Here's a look back at the week that was....  

HITS
  • To start the week, the Geriatrics and I visited Marion First and thoroughly enjoyed our time there. Even though the Pastor's microphone was not on for the duration of his sermon, the acoustics in the sanctuary were such that we were able to hear almost every word. He spoke beautifully from Romans 8. This was our first time to be at Marion First since Dr. Hallmark's departure; it was great to hear that the commitment to proclaiming the Word with excellence continues.
  • My car was in the shop the first few days of the week. I also knew this was my final week to spend at home. Those two things combined meant that I was very intentional about enjoying a relaxing week. I watched television and did some light reading during the days. Once the Geriatrics came home, Mom and I would enjoy some time together in the living room. All in all, it was a very good week.
  • On Saturday evening, we had the final Geriatric Outing of the summer. As strange as it may sound to you, these end-of-the-week dinners were a highlight for me and for my parents. (Here's hoping that the explorations will continue to happen occasionally while I'm away.) This week, I decided to return to a favorite spot....so we had dinner at J. Alexander's. I've been trying to get out there for several weeks now, but there was always another restaurant that Mom and Dad wanted to try. If you know us well, our menu selections will come as no surprise.....Mom and I both ordered the French Dip (minus the horseradish!) and Pop went for the crab cakes. Yummy and fitting end to our summer together.
 
MISSES
  • My car went in the shop on Monday for a basic oil change and to have the tires rotated. The shop manager called Dad and told him that two of the tires were actually in pretty bad shape and needed to be replaced. Pop decided that we would just replace all of the tires instead. The tires were not in stock and did not arrive until Wednesday morning.....so I finally got my car back on Thursday morning! It's not like I had anything that I needed to do before returning to Plainview. The end of the week became a rather frantic sprint to get all of the loose ends tied up. 

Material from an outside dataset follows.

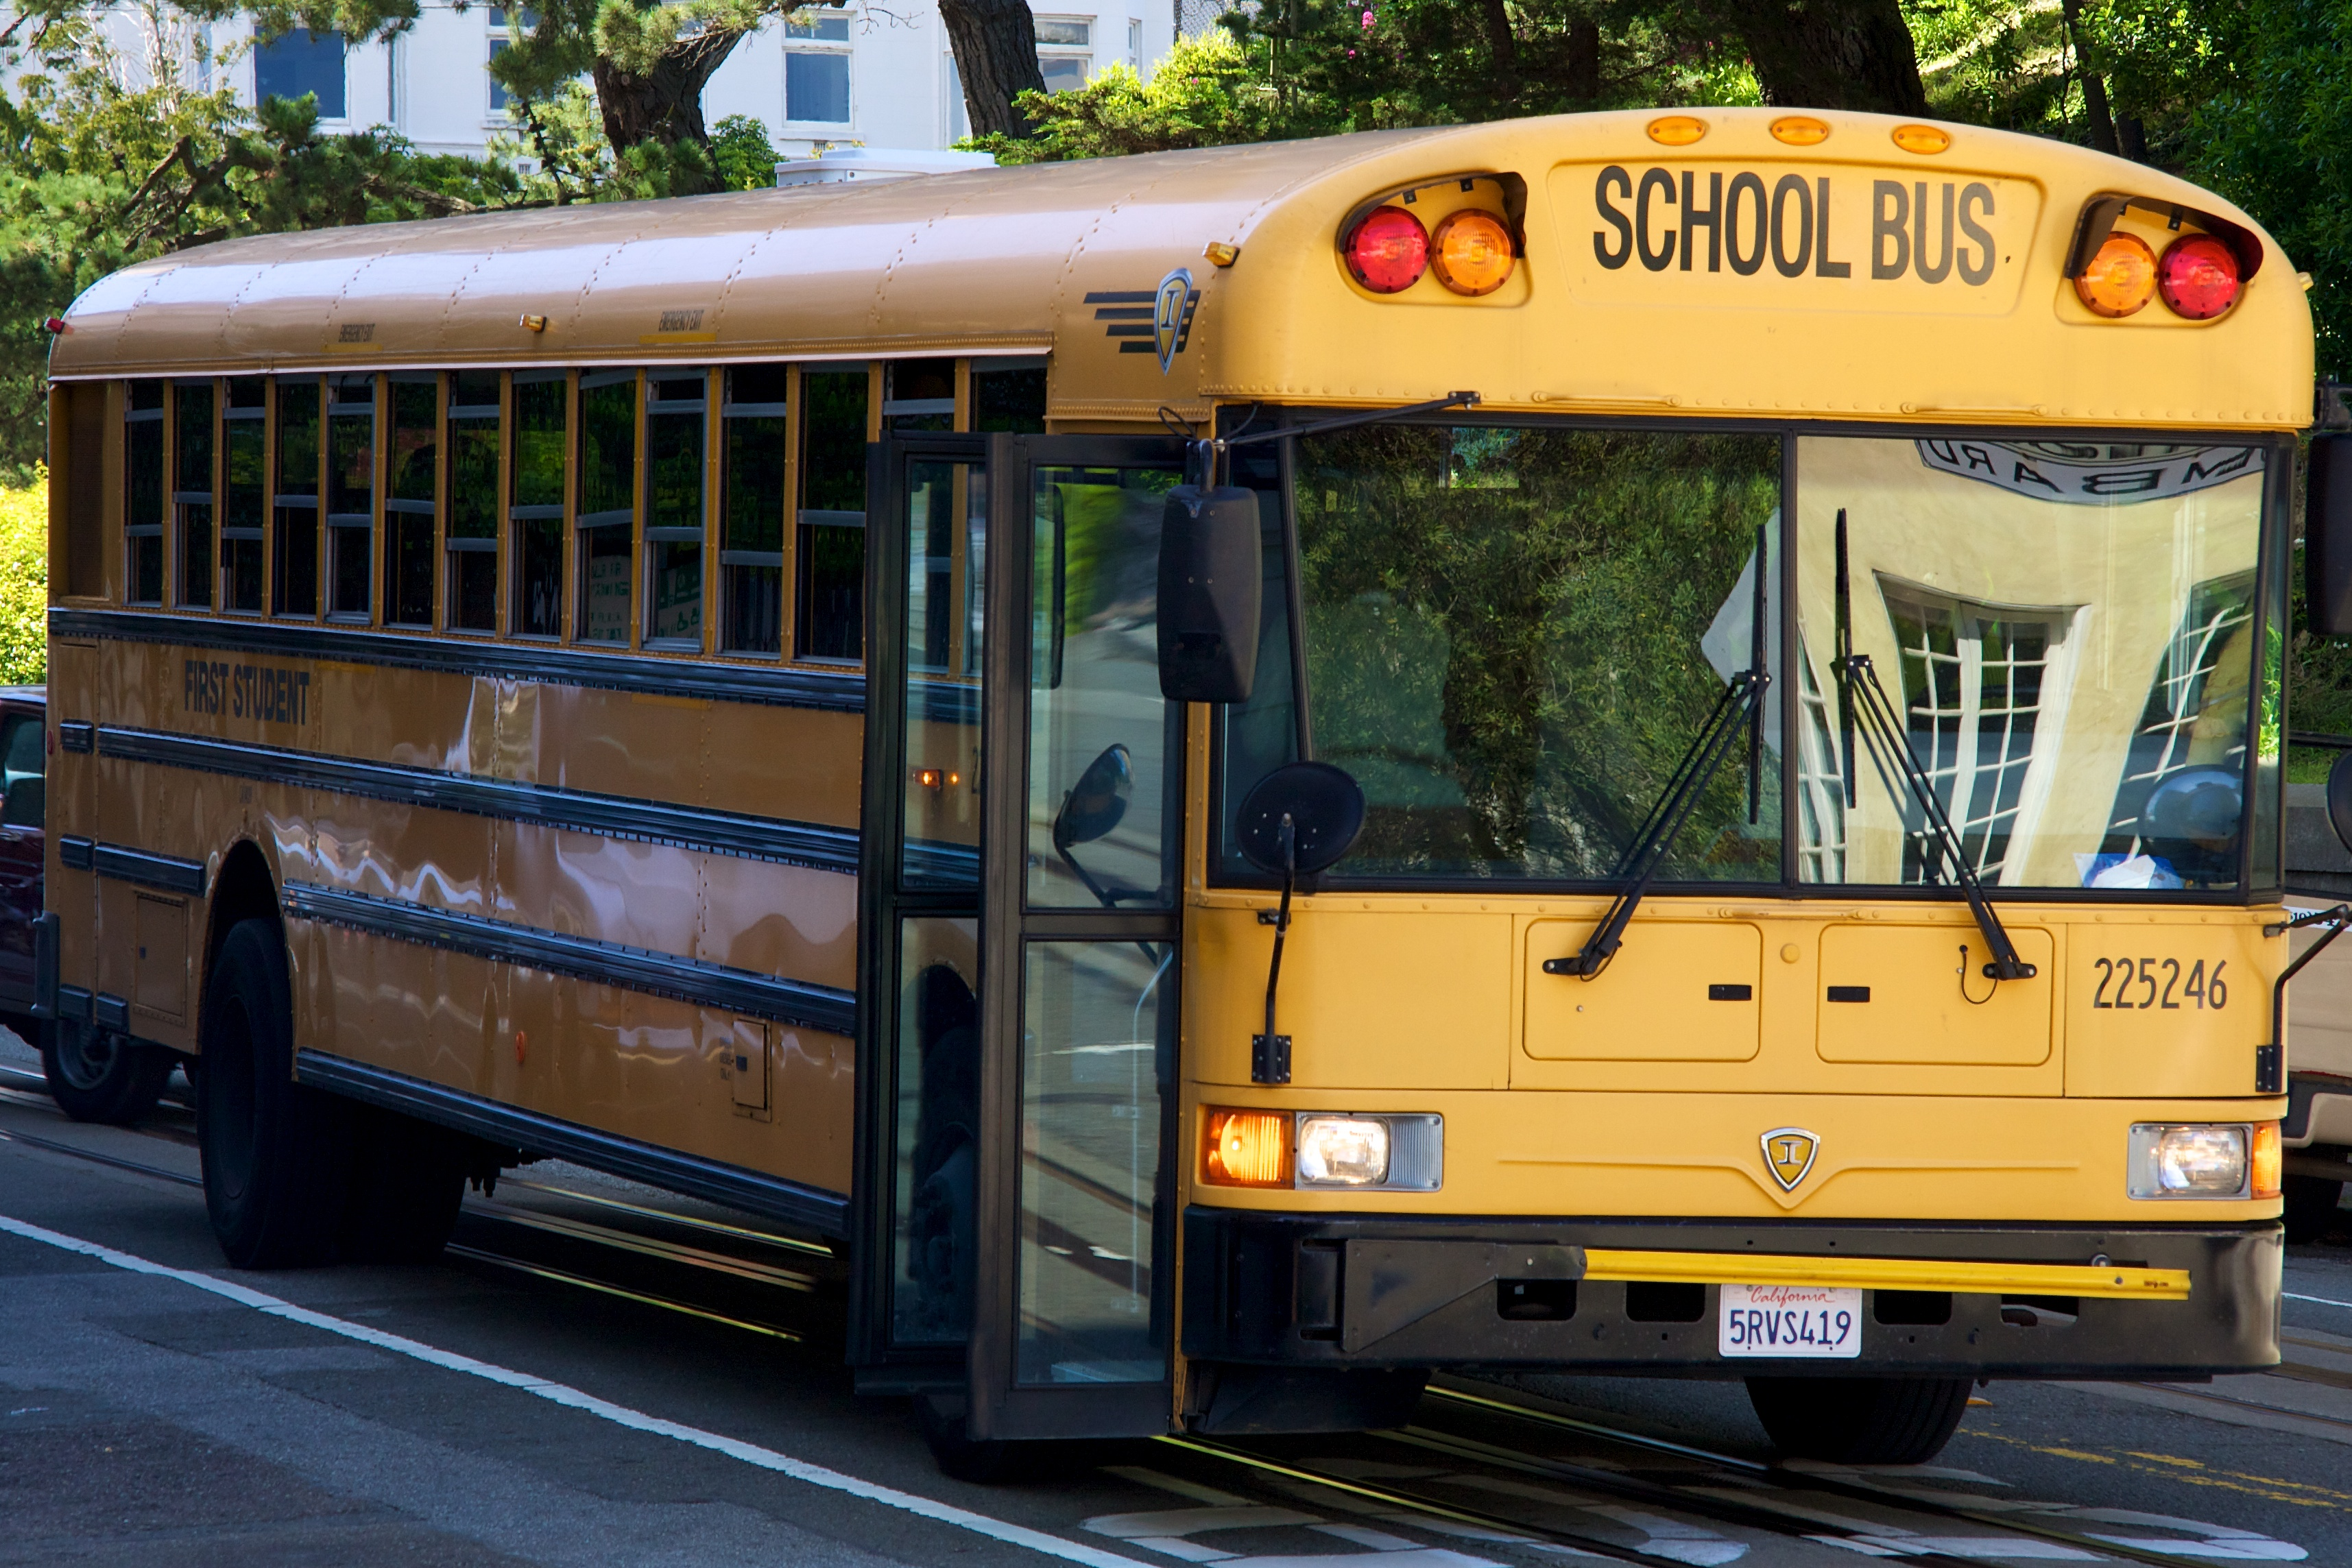 File ICRE School bus Wikimedia mons

  • The worst part of not having my car is that I also missed my chiropractic sessions for the week. I can tell that I wasn't adjusted, too! My lower back is extremely sore; my arms and neck are also screaming for attention. One of the first things I'll do when I get to Plainview is make a trip to see Dr. Nate so we can continue the process that was started this summer.
  • I hate packing! Even though I have lived out of my suitcase all summer long, it still takes more effort and time than I anticipate to gather everything, put it in the car and hit the road. I'm just glad that I don't have to do that very often.
  • I hate walking on egg shells.....and I'm very glad that I don't have to do it anymore.